Meet the GOP’s newest conspiracy, ‘Rangerghazi’
Published 11:11 pm Wednesday, October 21, 2015
It’s easier to explain how three women became the first women to earn their Army Ranger tabs than why Congressman Steve Russell suspects they got preferential treatment. The women passed Rangers School because they stuck with it until they did. The congressman doubts they passed honestly because he won’t let go of his preconceptions about women in the military.
Russell is clear that he thinks women should not be allowed into combat positions just because they are women. “There are some things they simply cannot do. I know I run the risk of being called a chauvinist pig by saying that,” he said, and he does.
So perhaps it should not have been a surprise what came next. When Capt. Kristen Griest and 1st Lt. Shaye Haver graduated from Ranger School in late April, his office sent a letter to Army Secretary John McHugh demanding a full accounting as to how the women successfully graduated.
Russell’s office also reached out to former Ranger instructor Michael “Bubba” Moore. Before he made his Facebook profile private, Moore posted an image of a nametag. Under the “Hello, my name is” part it said, “RANGER and I’m here to f*** b****es and kill terrorists.” So he’s nice. Moore put Russell’s office in touch with People magazine, and suddenly we had “Rangerghazi.”
The crux of their fever dream is that the women needed second and third chances to pass certain tests, opportunities, they incorrectly claimed, that male Ranger applicants did not get.
“Don’t tell me that you didn’t set these chicks up for success,” said Moore.
God forbid women should succeed. Col. David Fivecoat, commander of the Airborne and Ranger Training Brigade, said a third of the students get to “recycle” a phase of the training. He admitted that only about 15 students a year recycle every phase, but it does happen every year.
What Russell and Moore complain about is what we should be bragging about. Women were given chances to succeed just like men. If they failed, they got new chances. So did the men. Many women failed and quit. So did many men in Ranger School. The ones who did not give up succeeded, and now they wear Ranger tabs on their uniforms regardless of gender. Grit and determination to succeed are supposed to be good things.
Many people aren’t happy that the military is opening combat positions to women, but it shouldn’t be any surprise that Russell, an Oklahoma Republican, is the one who thinks he smells a conspiracy. When he ran for Congress after the invasion of Iraq, he angrily defended the intelligence that Saddam Hussein had weapons of mass destruction.
“The record is there. We found evidence of it even in Iraq. That’s a big misconception. Oh, there was no WMD, there was no nuclear program. That is false… They were clearly on a path to develop destructive weapons,” said Russell in a 2012 campaign interview. When asked for his source, Russell cited his “good buddy.”
This is, of course, balderdash. As the head of the Bush administration’s Iraq Survey Group told Congress, “We were almost all wrong.”

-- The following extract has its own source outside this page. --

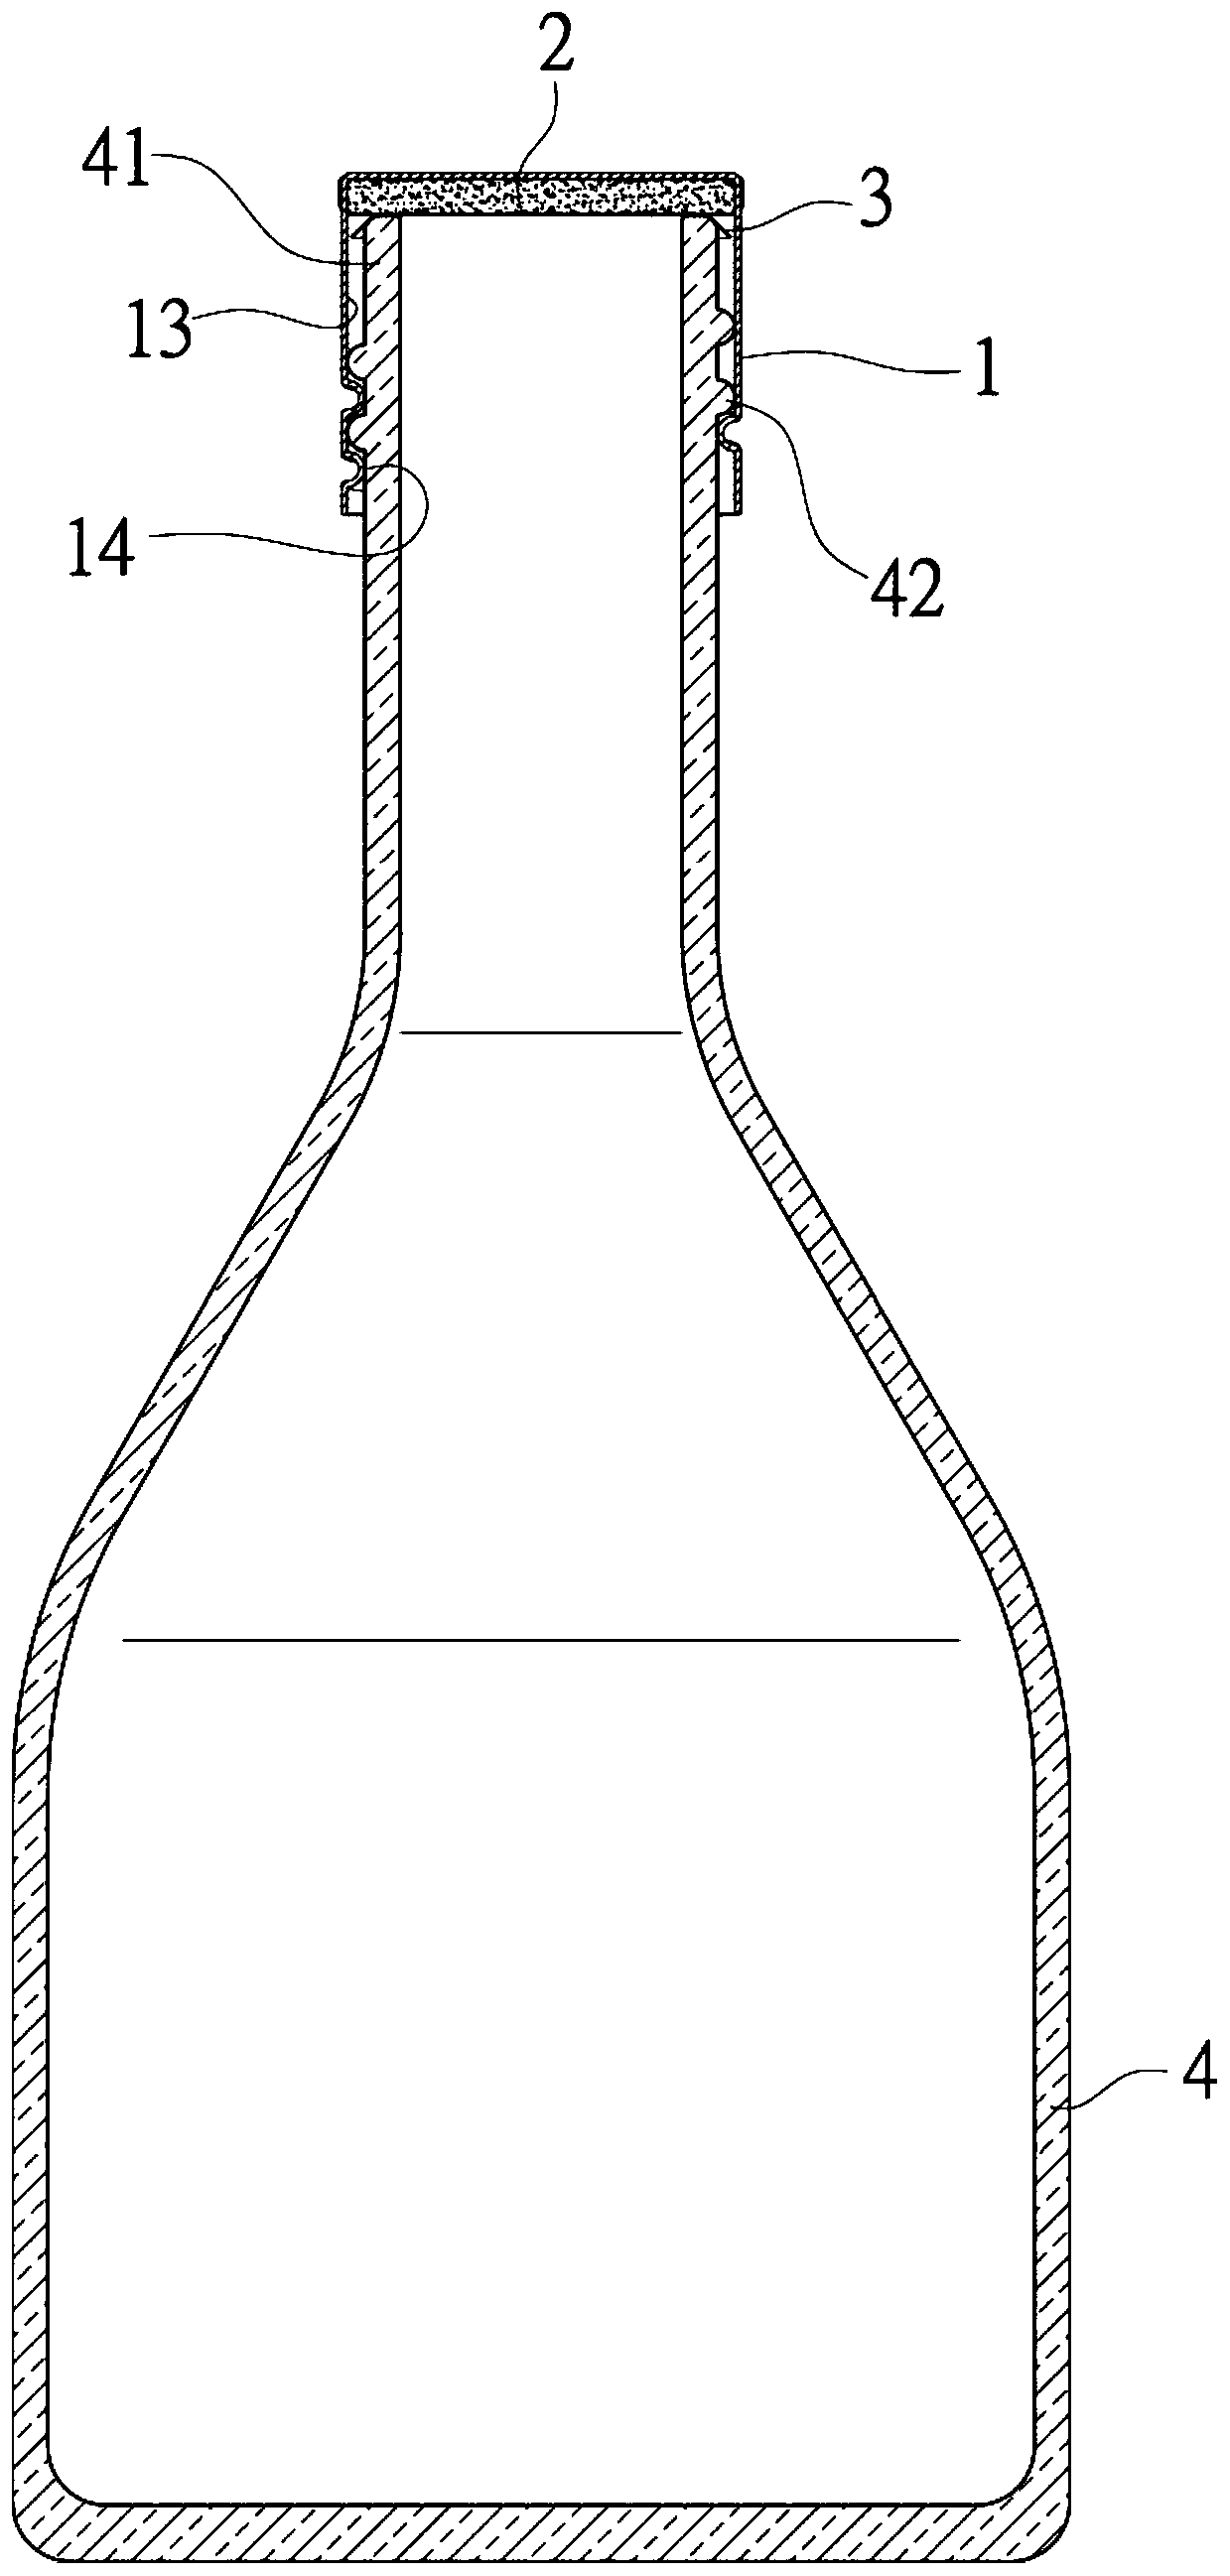 Cap structure for fragile bottle
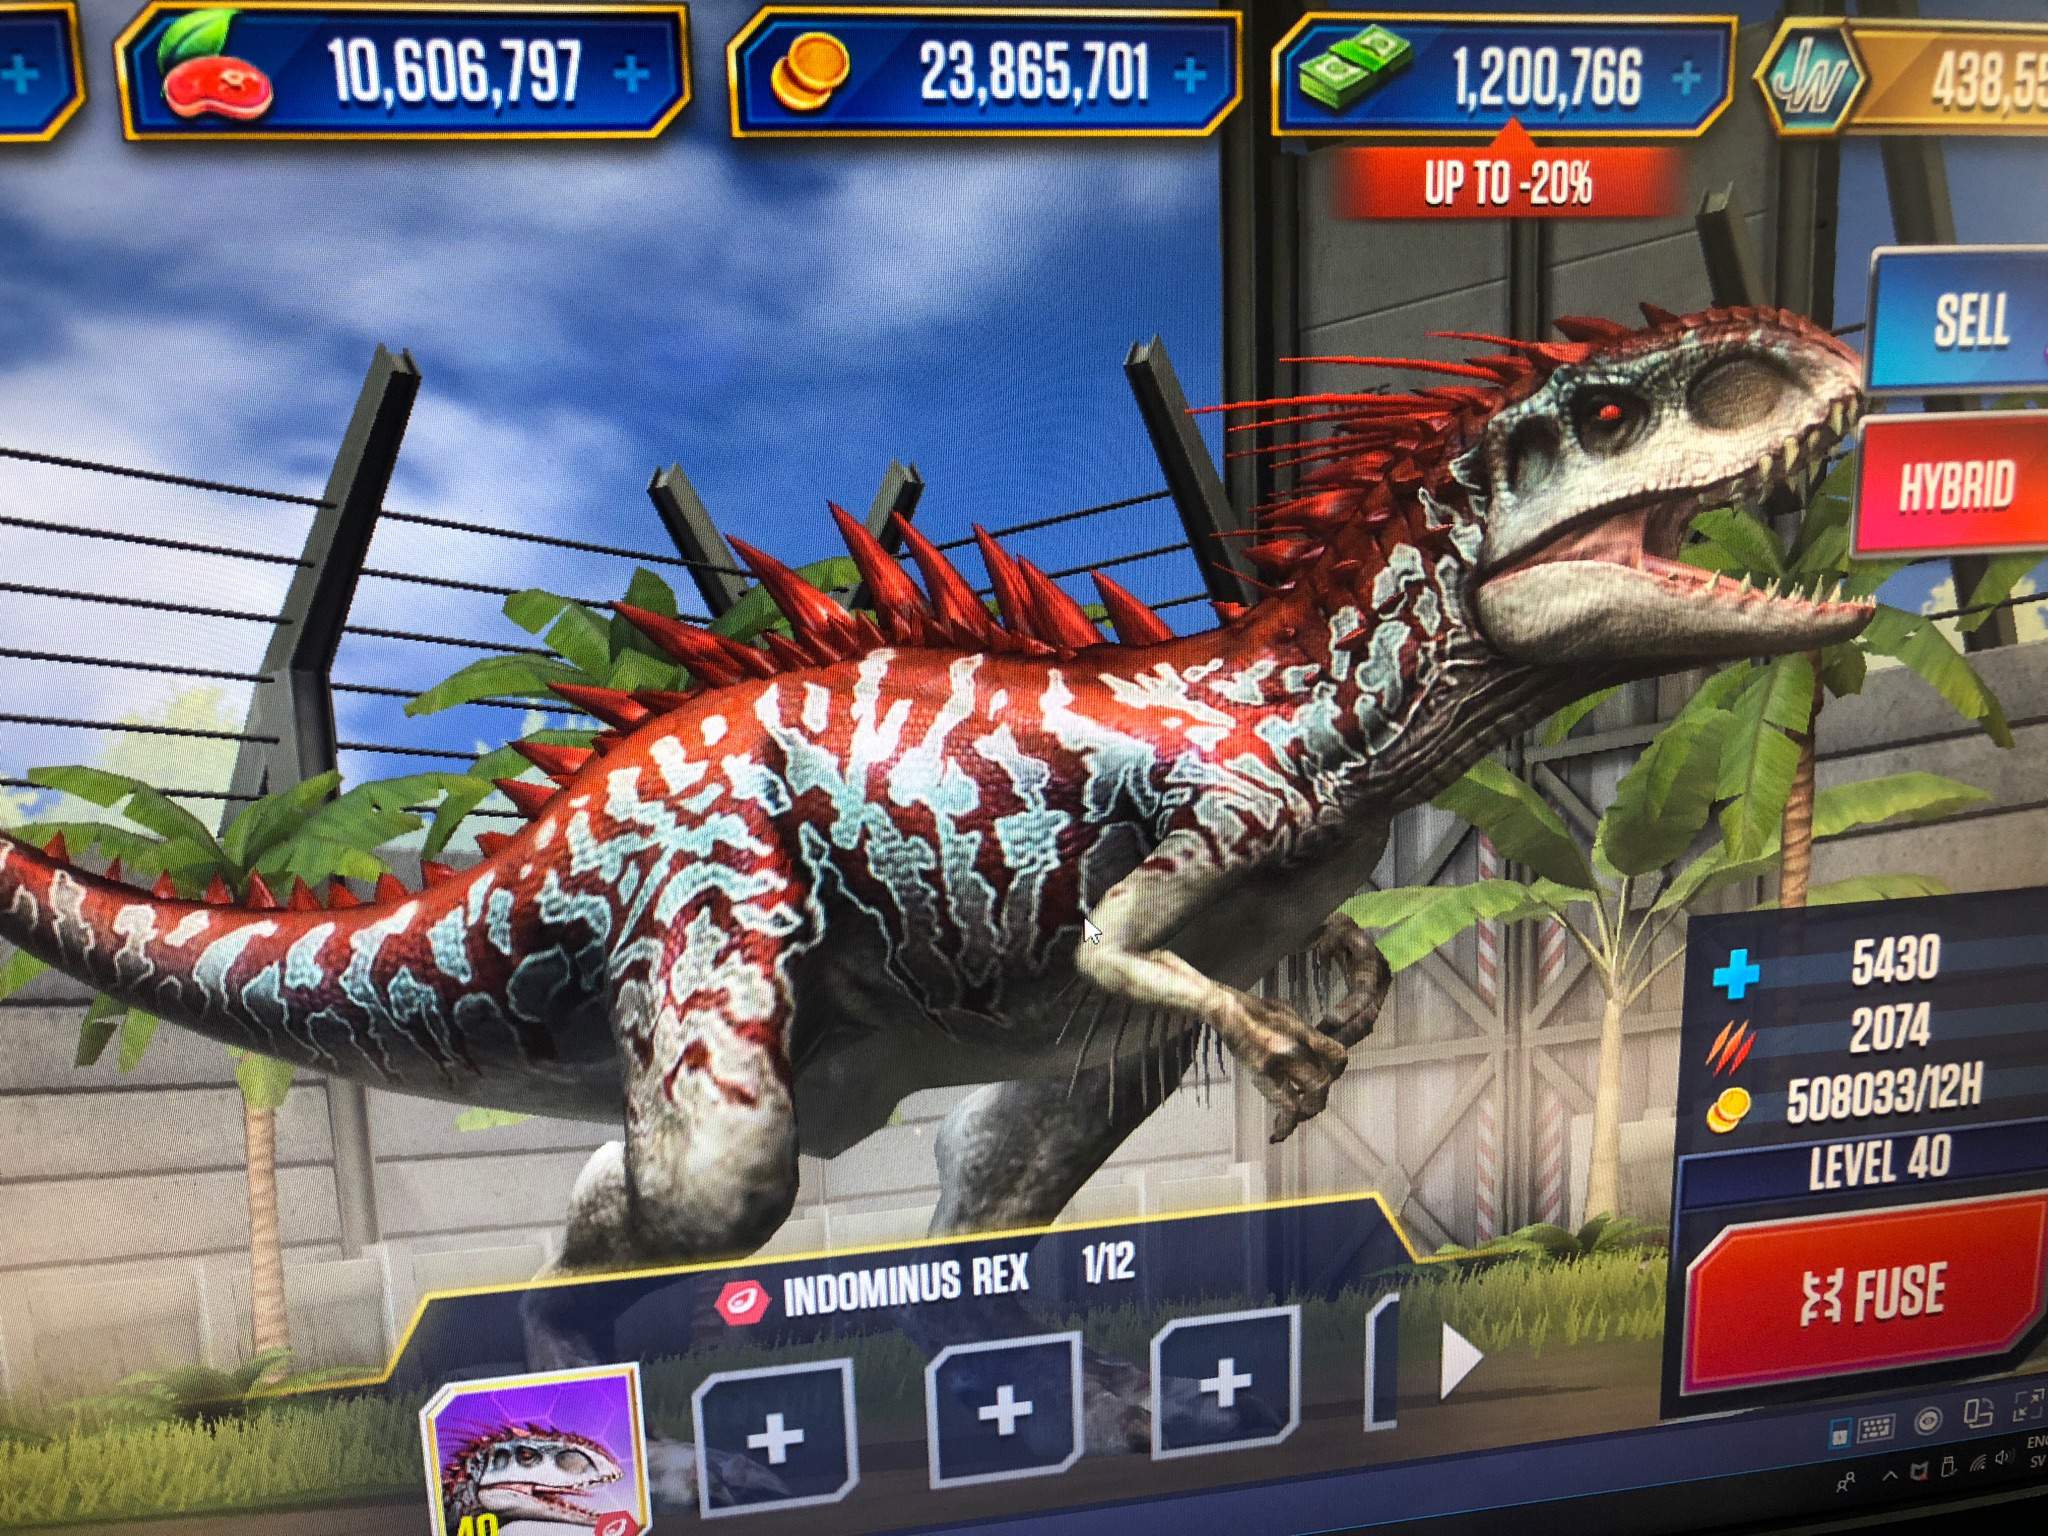 Level 40 Indominus Rex uwu | JurassicWorldTheGame Amino

Russell is a no-kidding Iraq war hero, a former state lawmaker-turned congressman, and, as a matter of fact, an Army Ranger himself. But if he thinks the standards were lowered to allow women into his exclusive He Man Woman Haters Club, Army Maj. Gen. Scott Miller has an offer for him.
Miller gave a speech at the Aug. 21 Ranger School graduation where he addressed “noisy and inaccurate” suspicions that Griest and Haver got off easy during the week-long Ranger Assessment Phase.
“Ladies and gentlemen, the week has not changed. Standards remain the same,” Miller said. “The five-mile run is still five miles. The 12-mile march is still 12 miles. The mountains of Dahlonega are still here, the swamps remain intact.”
But if that wasn’t convincing enough, Miller invited skeptics back to Fort Benning to “re-validate their tab.”
“To date, we’ve had zero takers,” said Miller.
What about it, Congressman Russell, care to re-take the test, or are you scared of getting beaten by three girls?
Sorry, three Rangers.
Jason Stanford is a regular contributor to the Austin American-Statesman, a Democratic consultant and a Truman National Security Project partner.